Na esfera da cibersegurança ofensiva, o governo norte-americano de Donald Trump concedeu autorização para que corporações privadas auditadas executem ataques cibernéticos contra organizações criminosas internacionais, atuando sob tutela e monitoramento direto do governo dos Estados Unidos. Em paralelo, preocupações com vigilância interna cresceram após denúncias de que três policiais do estado da Geórgia utilizaram câmeras de reconhecimento veicular da marca Flock para perseguição e espionagem de indivíduos.
O ecossistema de inteligência artificial aplicada enfrenta simultaneamente desafios de soberania e integridade de dados. Grandes modelos de linguagem ocidentais, como ChatGPT da OpenAI, Claude da Anthropic e Gemini do Google, vêm apresentando respostas alinhadas à censura estatal da China. Na cadeia de conteúdo em vídeo, a plataforma Twitch ativou por padrão a coleta e o processamento de transmissões ao vivo de todos os seus criadores para treinar os modelos de IA da controladora Amazon, recuando para um modelo com opção de exclusão manual apenas após reações negativas de streamers.

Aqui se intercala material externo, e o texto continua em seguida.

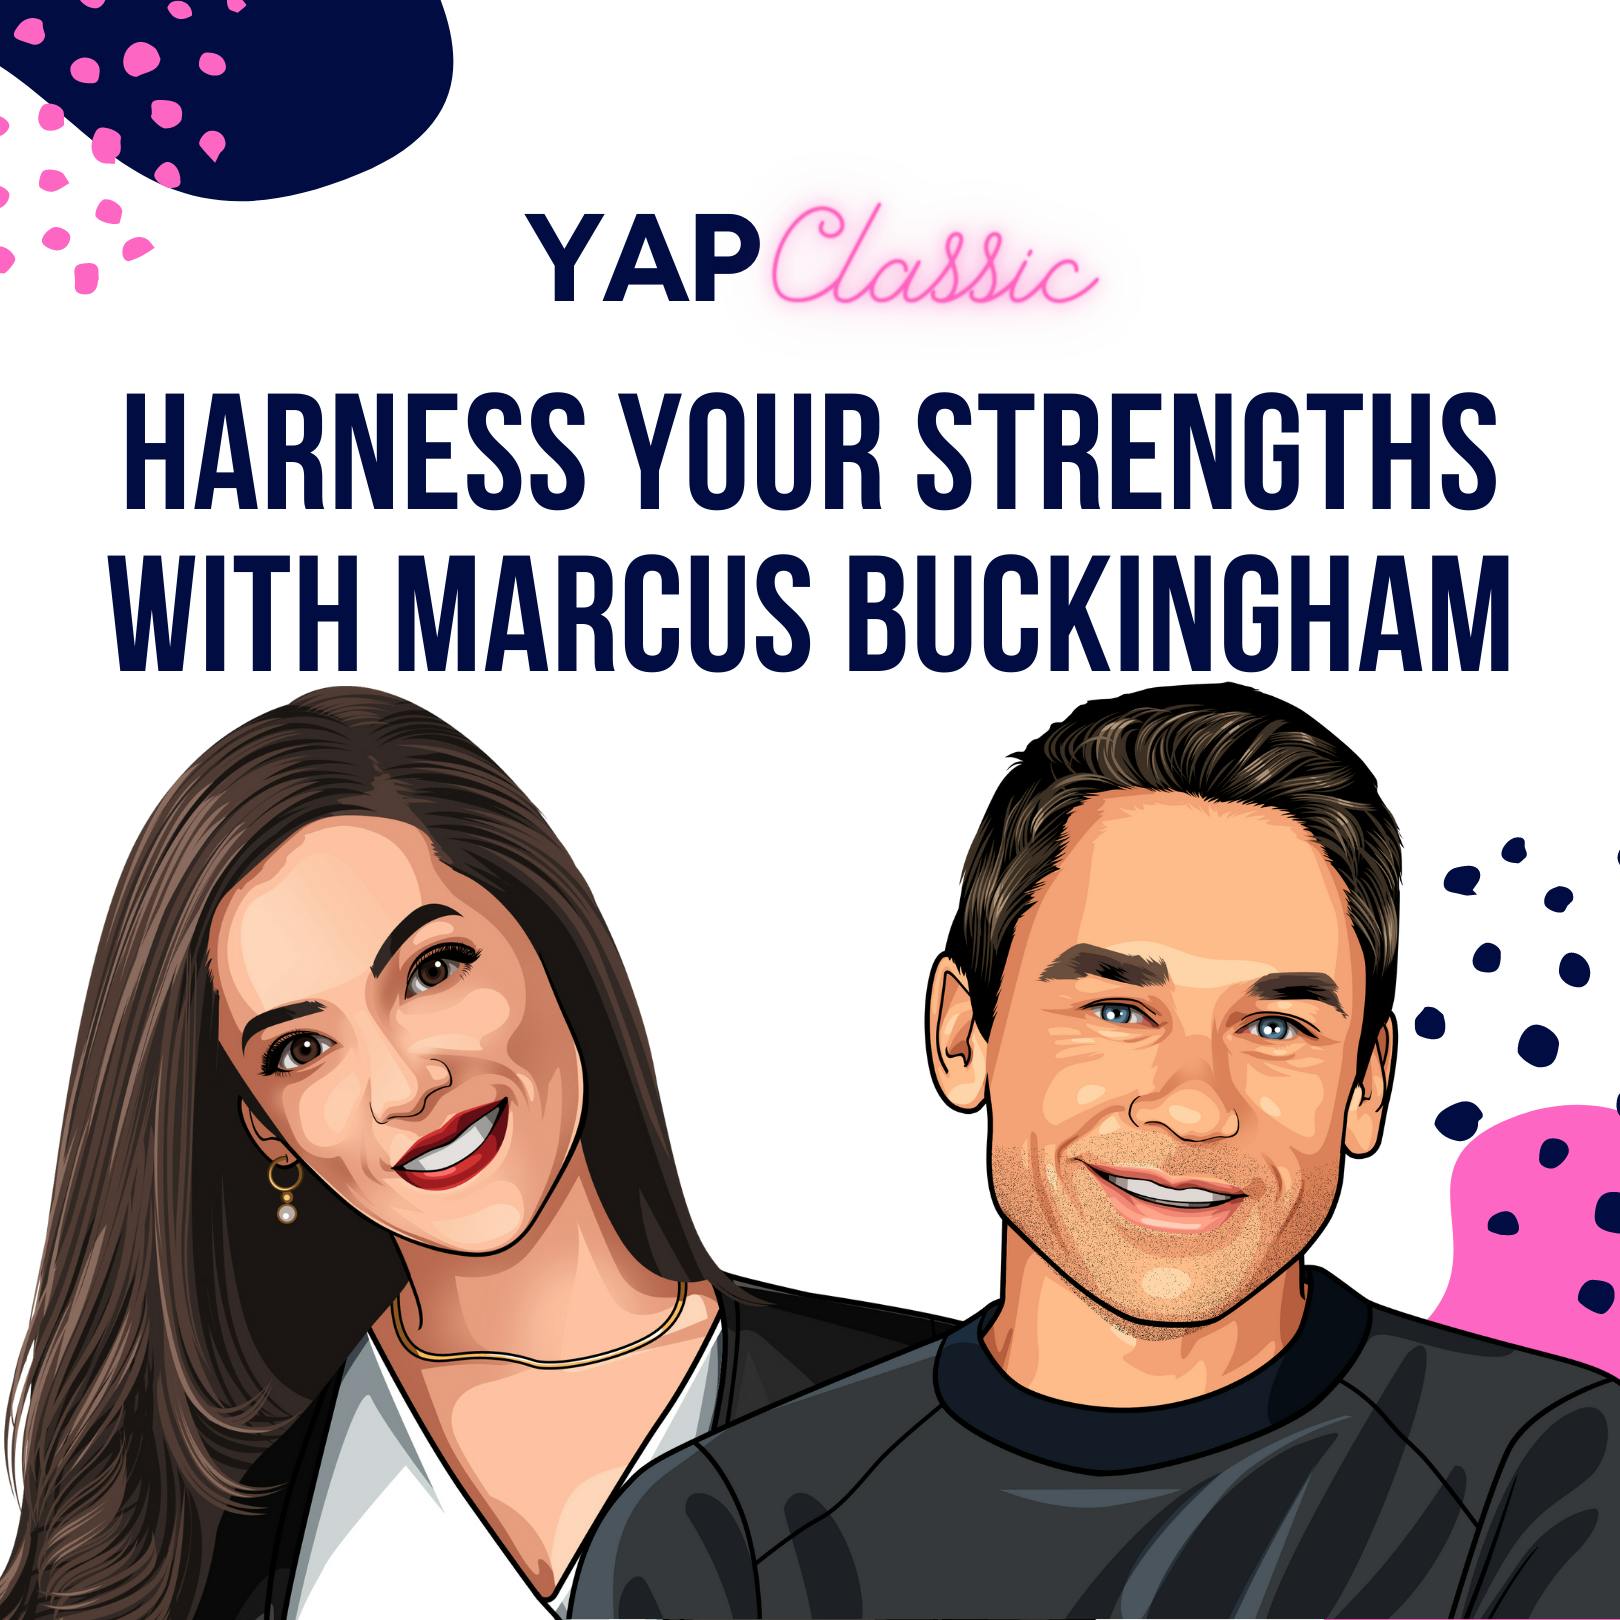 #YAPClassic: Harness Your Strengths with Marcus Buckingham

Para frear a extração automatizada de dados textuais na internet, desenvolvedores lançaram o ShieldFont, uma tipografia projetada especificamente para neutralizar sistemas de raspagem automatizada enquanto preserva a legibilidade para leitores humanos. Ao mesmo tempo, sistemas autônomos de reportagem alcançaram o marco de noticiar com antecedência em relação a profissionais humanos um incidente de invasão cibernética na OpenAI, enquanto inovações de hardware como o CrankGPT demonstram a viabilidade de modelos de IA operando de forma 100% offline e sem dependência de data centers centralizados.
Pesquisadores no Japão utilizaram a técnica CRISPR Y-CUT para remover o cromossomo Y e gerar fêmeas férteis a partir de células masculinas.